The invasion was a poor decision.
If it takes two generations for Iraq to come around to something good then I am not sure what metric would allow us to take credit for the change.
Meanwhile, just because Iraq may become a freer society doesn't mean that it will stabilize in a way that will benefit us.
As noted above, we can all hope.
I disagree absolutely with the idea that, in the name of 'doing something' in the face of seeming recalcitrance, the appropriate response is to get into bed with known shysters, cherry pick information, invade a sovereign nation, occupy that nation in the most ill-informed manner possible, spend more than a trillion dollars (we are not done pouring money down the hole), etc. We were already doing something -- no fly zones, inspections for MWD that clearly showed no such animal was being found, etc. Iraq was unequivocally contained and Hussein was doing some things that we wanted (keeping Iran at bay).
Further, if you are going to run around brandishing the big stick because it is the only thing you can think to do, best make certain it is a sustainable ploy, a ploy you know how to finish.

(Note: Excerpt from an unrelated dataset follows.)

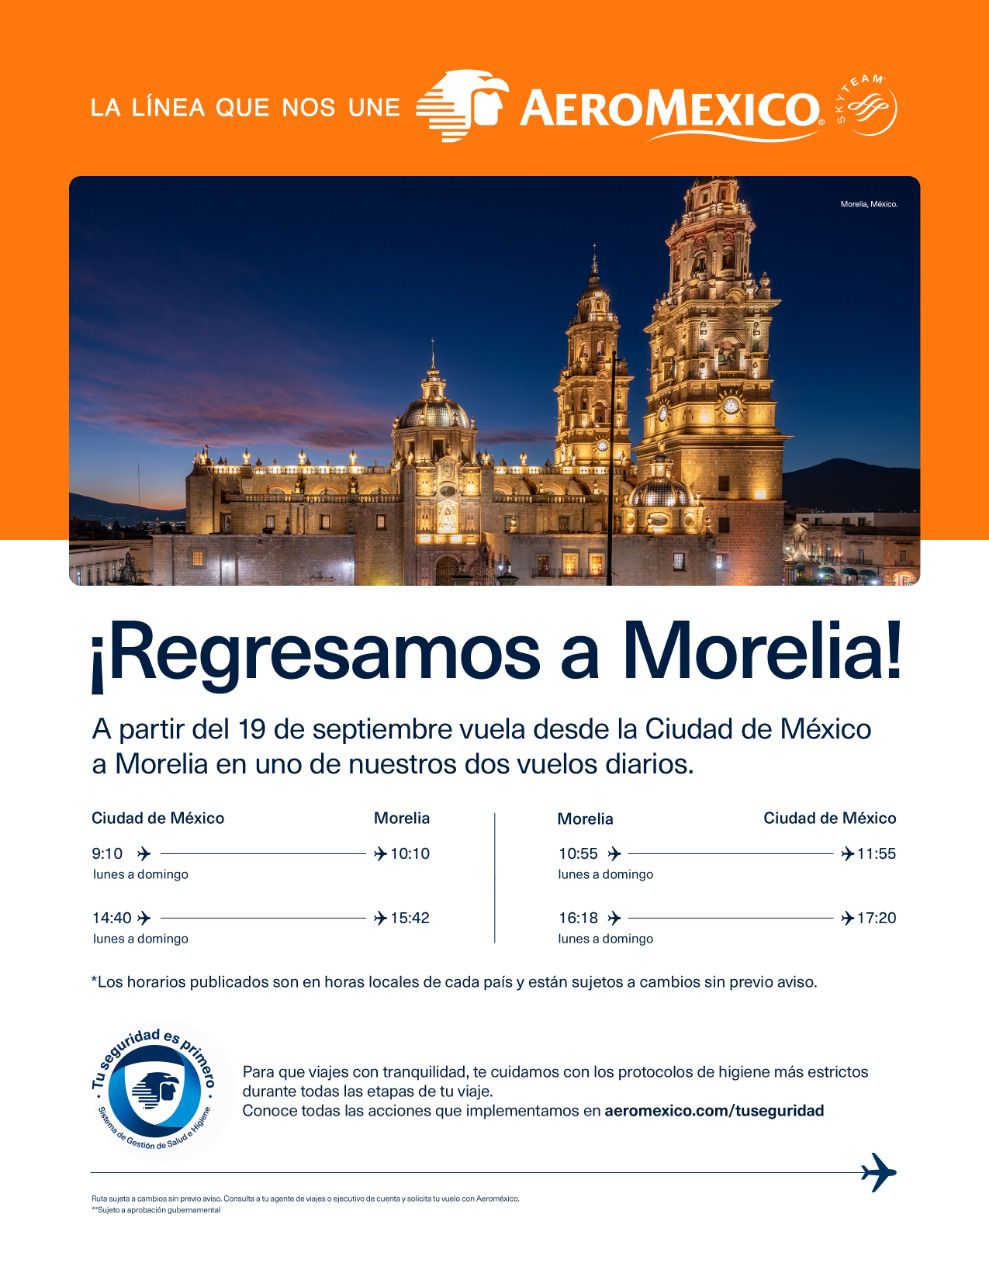 Celebra Alfonso Martínez regreso de vuelos Ciudad de México-Morelia por parte de Aeroméxico

Just a poor rationale. It is clear that Hussein was an unsophisticated thinker in re what the US response might be, and it is clear that the Bush Admin was more sophisticated only in the way of selling ******** -- and that game plan was not carried out with any admirable degree of sophistication.

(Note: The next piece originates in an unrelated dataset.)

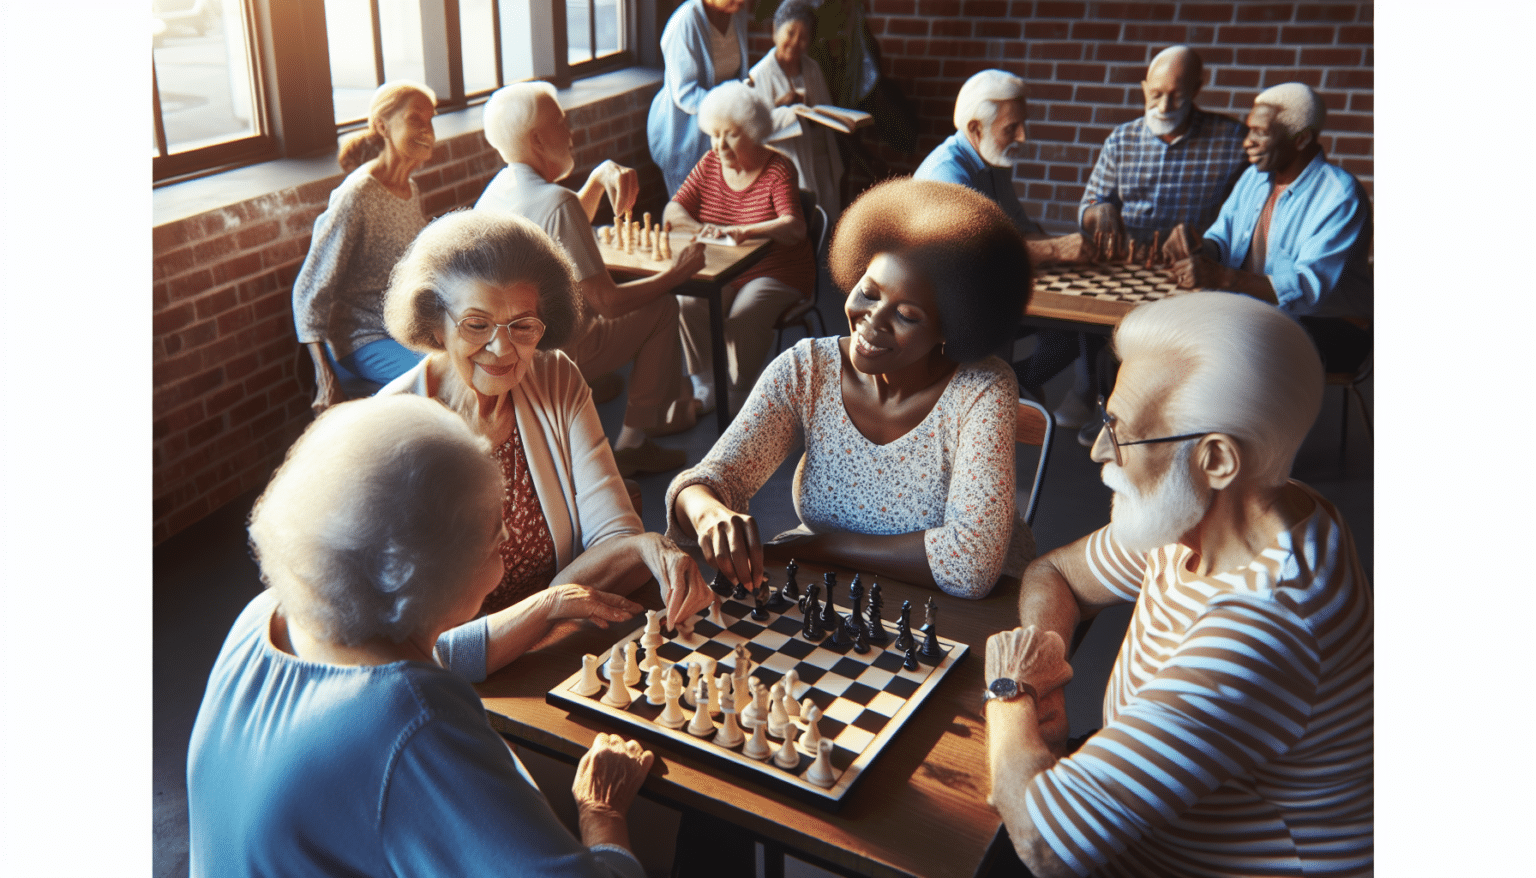 Les activités sociales et leurs bienfaits pour les seniors

I admit, I have always thought that Hussein was the answer to much of what we wanted in the region, and that imaginative ways of addressing his problematic aspects was better than bull-in-a-china-shop intervention.
It may turn out well. I would say the principle is you don't expend that much blood and purse, not to mention the blood of others, in order to run down ill-defined, poorly understood goals. That is step one of my analysis and has been all along. That principle says you don't invade no matter what the imaginable possibilities might be. You need something stronger.